Rep. Dunnington frustrated with demise of ‘workplace equality’ measures

OKLAHOMA CITY, OK – House Bill 1345 will not be heard in committee this legislative session, further delaying “workplace equality” for Oklahoma’s Lesbian Gay Bisexual Transgender (LGBT) community, advocates said.

When a bill does not get a scheduled hearing in committee, it has no pathway for moving forward. 

The bill was intended to amend provisions regarding workplace and employment discrimination by adding sexual orientation and gender identity.

Rep. Jason Dunnington, D-Oklahoma City, author of the bill, expressed discontent that his bill not being heard in committee.

“Many of my colleagues in the House would contend that America is built on the fundamental promise that if you work hard, and play by the rules, you can get ahead. But today, thousands of Oklahomans go to work fearing that they could lose their jobs simply because of who they are or who they love.”

The leader of a group organized to support LGBT interests expressed disappointment with the bill not being heard in committee.

“The LGBT community has found a strong ally in Jason Dunnington. Freedom Oklahoma would like to thank the Representative for proposing the most comprehensive protections against discrimination in the history of Oklahoma. While it is extremely unfortunate that H.B.1345 will not be heard in this session, we look forward to working with Rep. Dunnington — and other fair-minded lawmakers — to ensure that one day soon, freedom will truly mean freedom for everyone in our great state,” said Troy Stevenson, Executive Director of Freedom Oklahoma.
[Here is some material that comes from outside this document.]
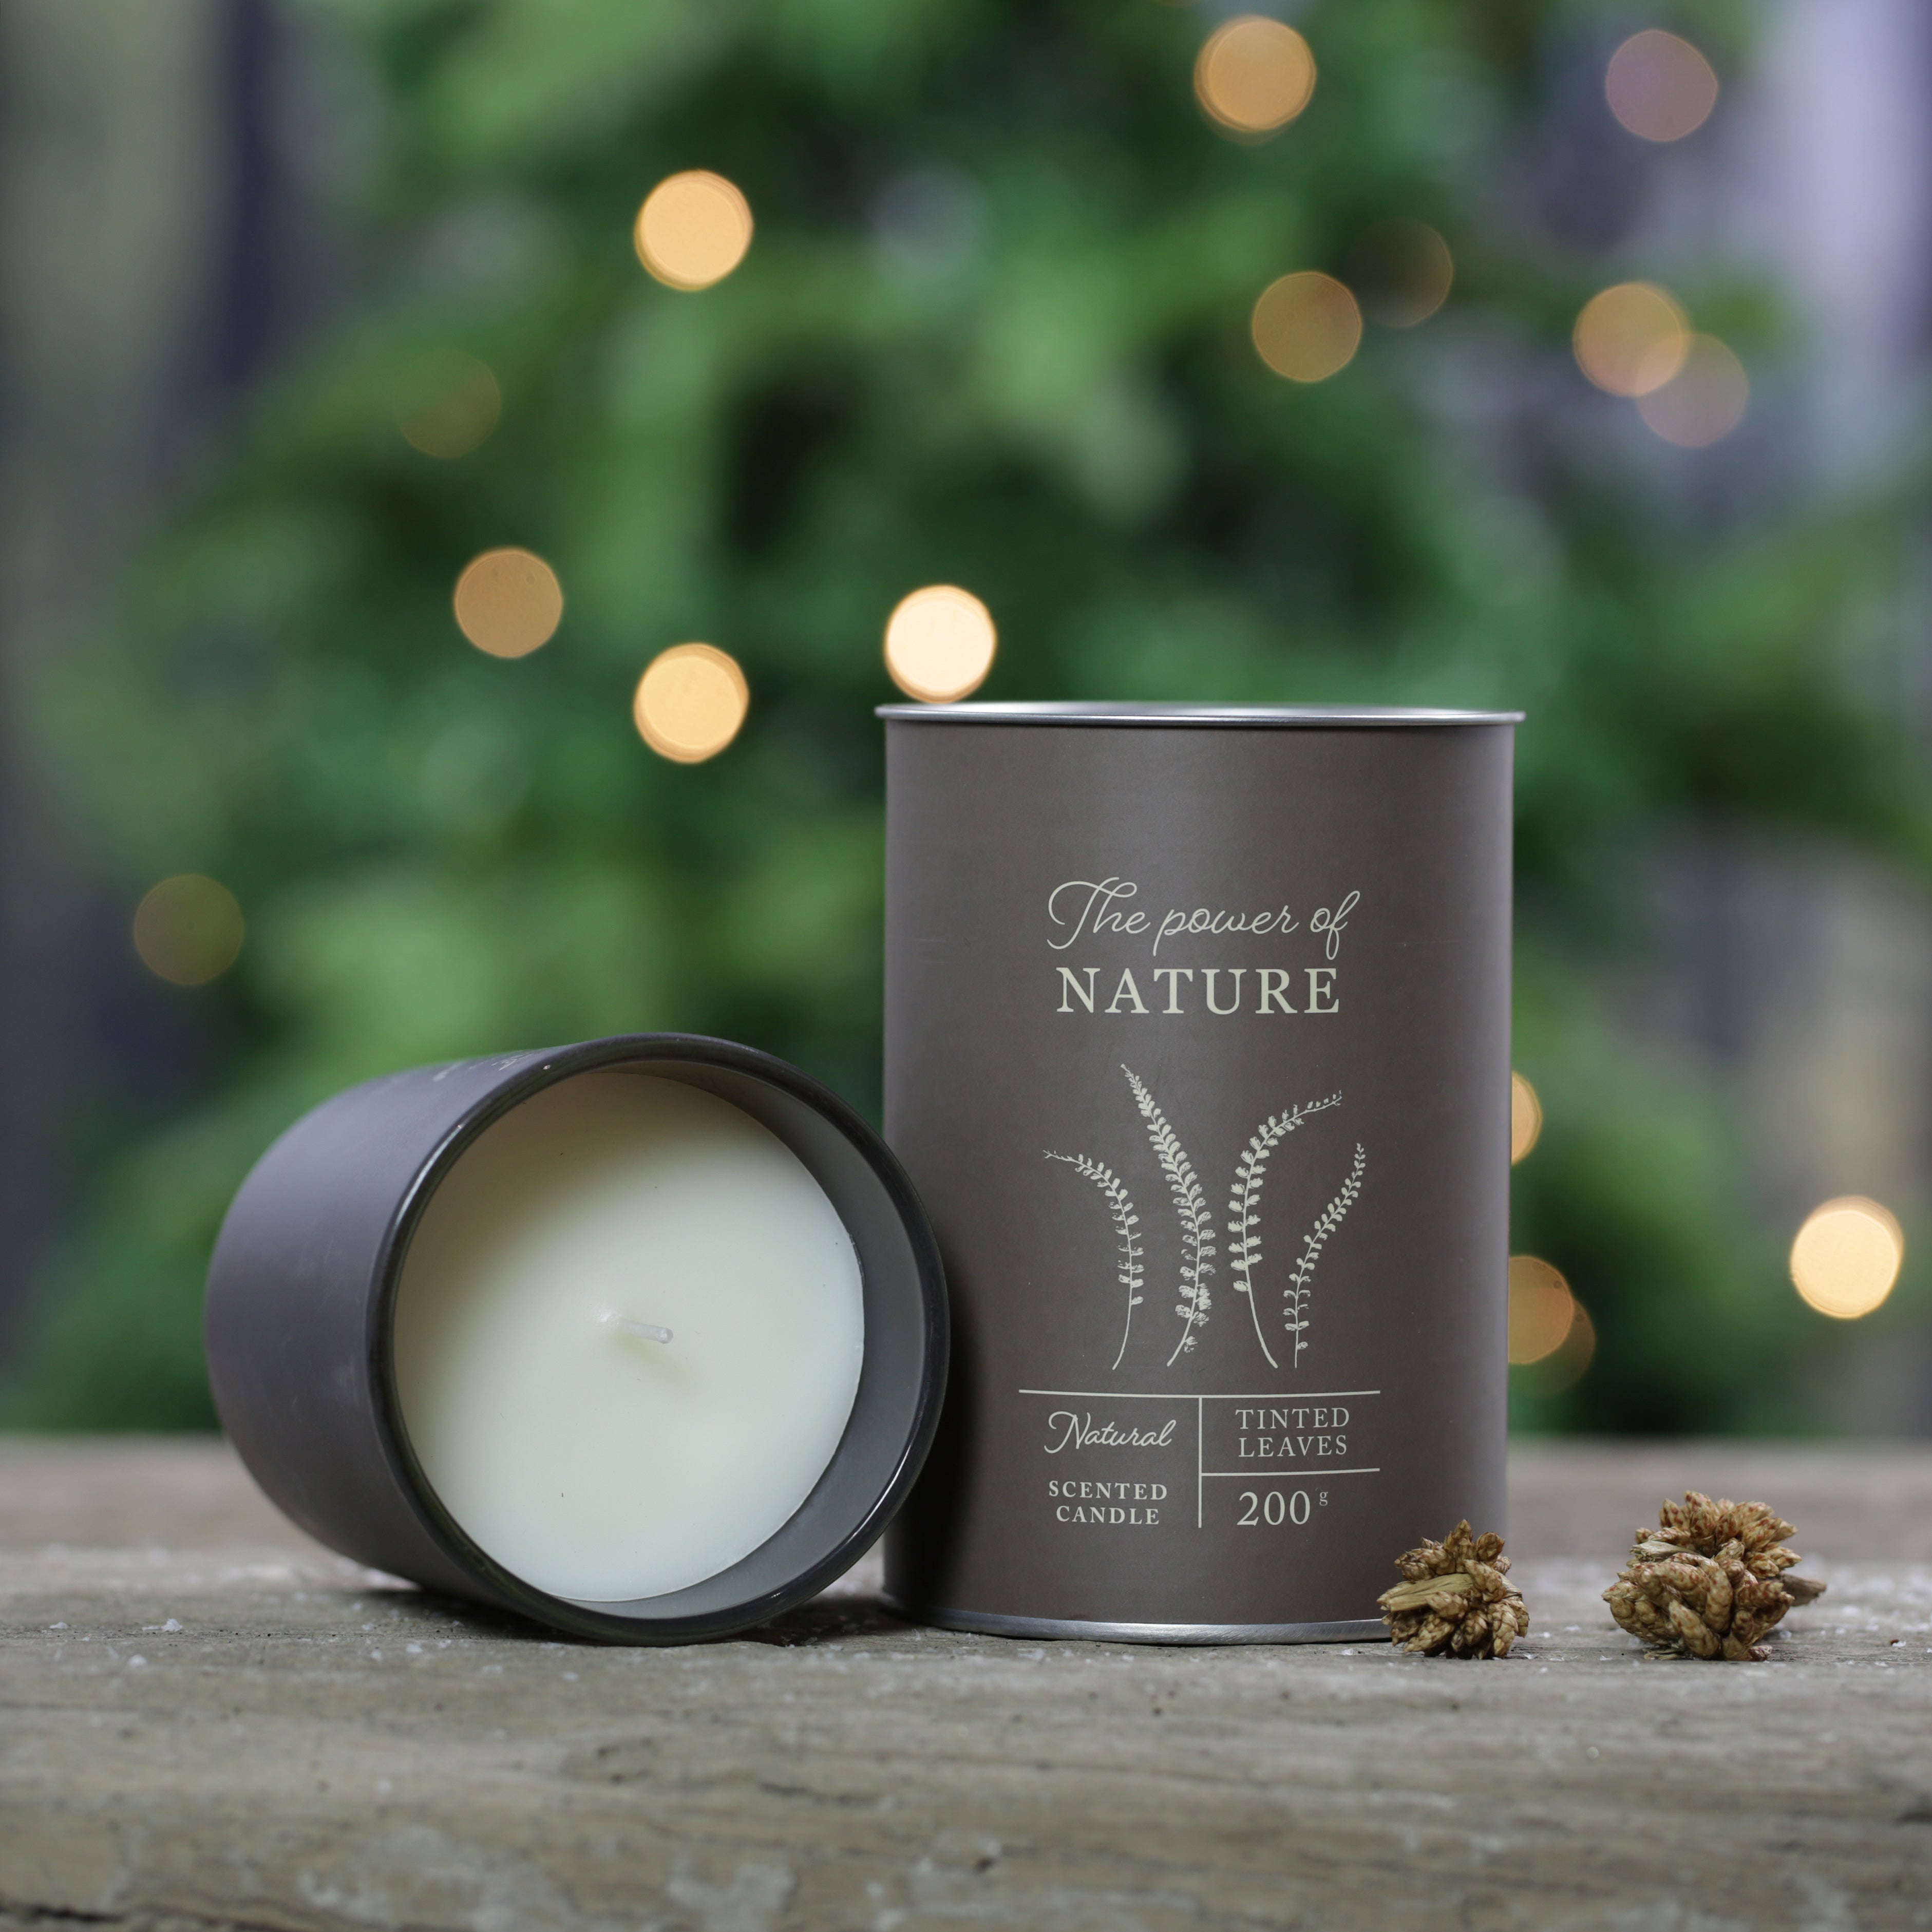 Luxury Power of Nature Scented Candle in Glass - 200g - Tinted Leaves
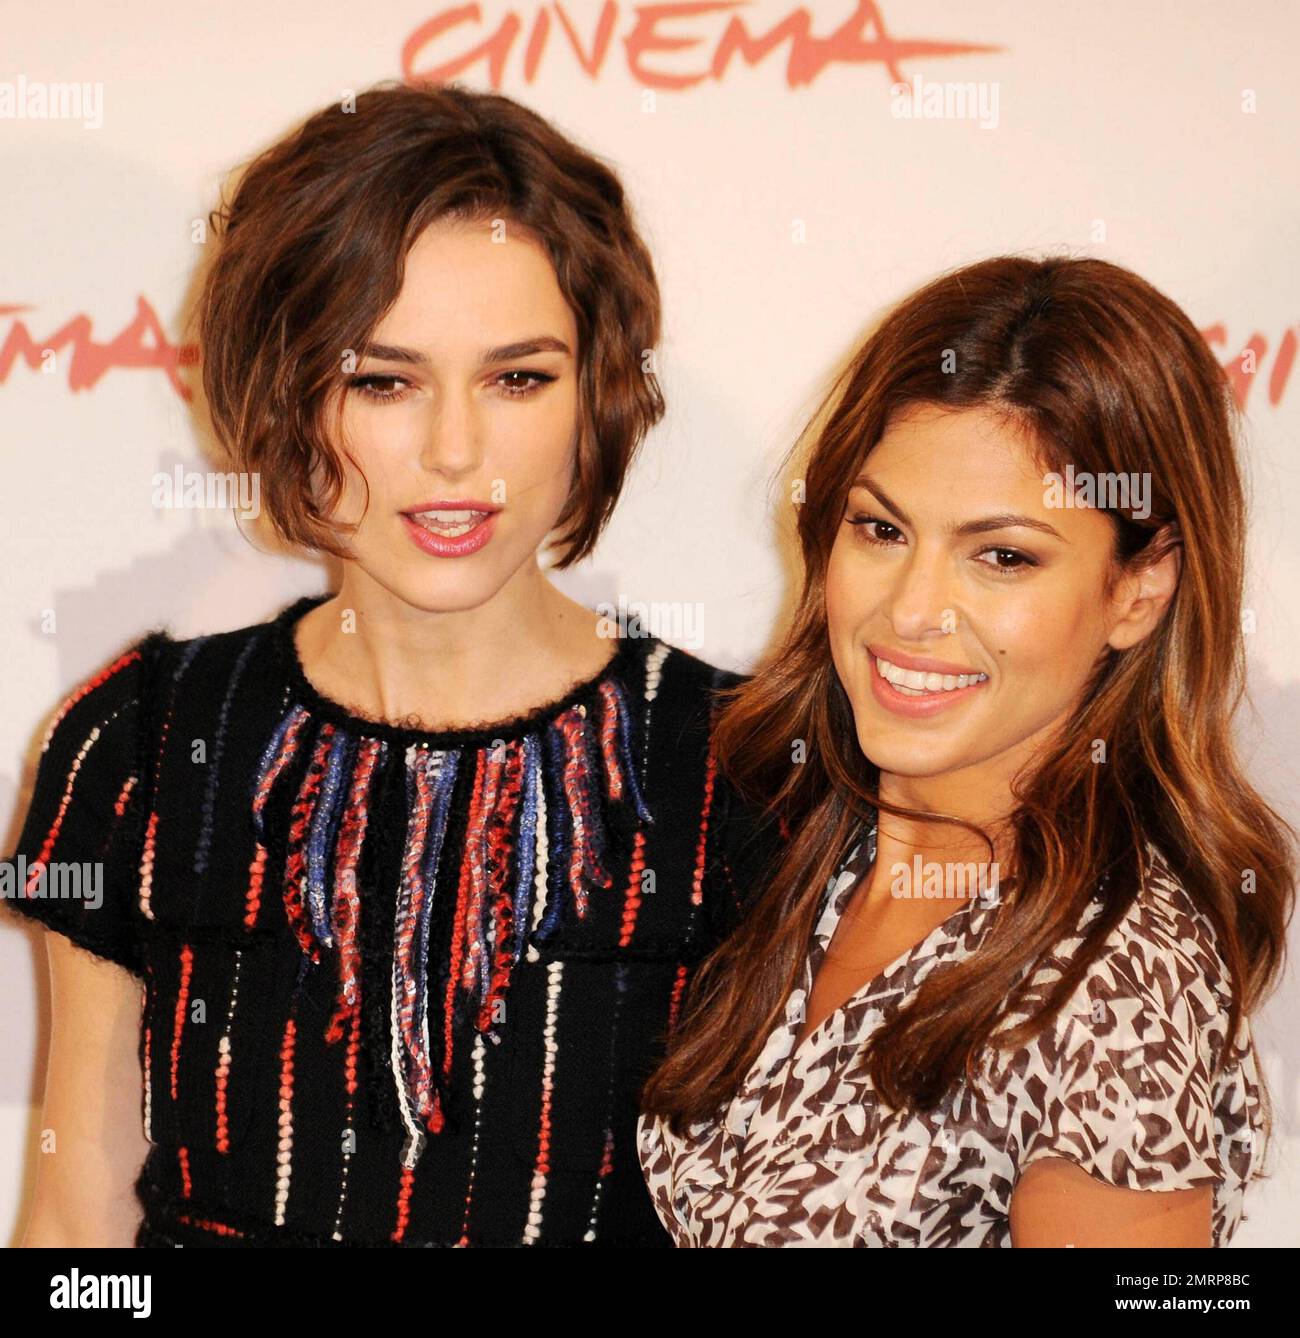 Co-stars Keira Knightley and Eva Mendes look very friendly with each other at the photo call for 'Last Night'.  The romantic drama, which stars Keira Knightley, Sam Worthington and Eva Mendes, will open the 5th International Rome Film Festival. Rome, ITA. 10/28/10. Stock Photo

Although the bill will not be heard in this legislative session, Rep. Dunnington is hopeful it will be heard again in the next legislative session.

“While H.B. 1345 did not move forward this year, I am committed to running it again, as I believe that all Oklahomans regardless of race, sex, religion, sexual orientation, or gender identity should possess basic employment protections.”

Rep. Jason Dunnington was elected in 2014 to his first term in the House, representing District 88 in central Oklahoma City.